There are several sources that contribute to the variation of the edge weights. Noise in the DTI data, spatial resolution and partial volume effects may affect the quality of fiber quantification. The tractography algorithm, including number of random seeds in fiber tracking, can also have some effect on the variance of network. Specifically, fewer random seeds will lead to larger variance in the number of fibers from fiber tracking, although the effect in this study was diminished by choosing 30 seeds per voxel in fiber tracking (Cheng et al., 2011). In addition, the reliability of network construction relies on the accuracy of parcellation and the mapping to DTI image space. The parcellation can have errors due to SNR limitations of the T1- weighted image or the algorithm itself. The registration between T1-weighted image and DTI can also have some errors due to image distortion and partial volume effects. All these factors affect the test–retest reliability of structural networks. The ICC analysis can be useful for experiment design and data processing. For instance, low ICC values indicate a need for more subjects in practical studies to obtain sufficient statistical power, more sophisticated tractography methods, or a need to improve the quality of data acquisition. Despite many findings of alteration of some network metrics in diseases and neuropsychological patients, the moderate values of ICC indicate that structural network constructed from DTI is still facing some technical challenge before being used as a reliable biomarker.

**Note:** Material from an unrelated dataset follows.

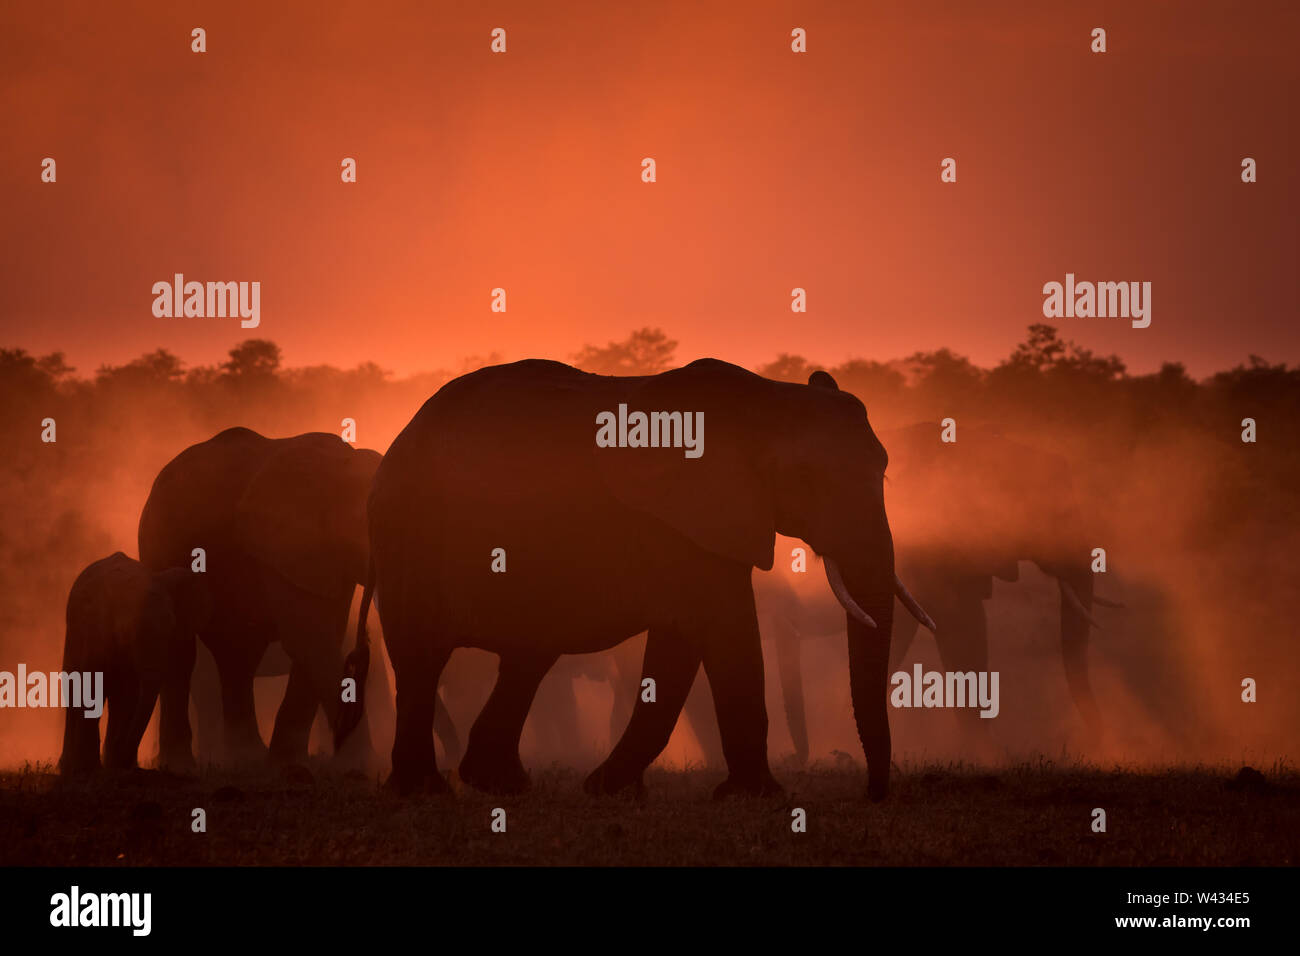 Mooiplaas is a popular waterhole for elephants, Loxodonta africana, to come to drink at sunset in Mopani Region, Kruger National Park, South Africa Stock Photo

In summary, weighted networks were constructed for healthy adults based on DTI streamline fiber tracking and FreeSurfer parcellation. The backbone network was extracted and its variability across subjects was investigated. Our results show that weighted network is very distinctive from its binary version in a variety of topological properties. For weighted networks, considerable intra-subject and inter-subject variance was observed on the edge weights, causing variances in network metrics at different levels. However, the intraclass correlation analysis indicates a reasonably high reproducibility for several global metrics.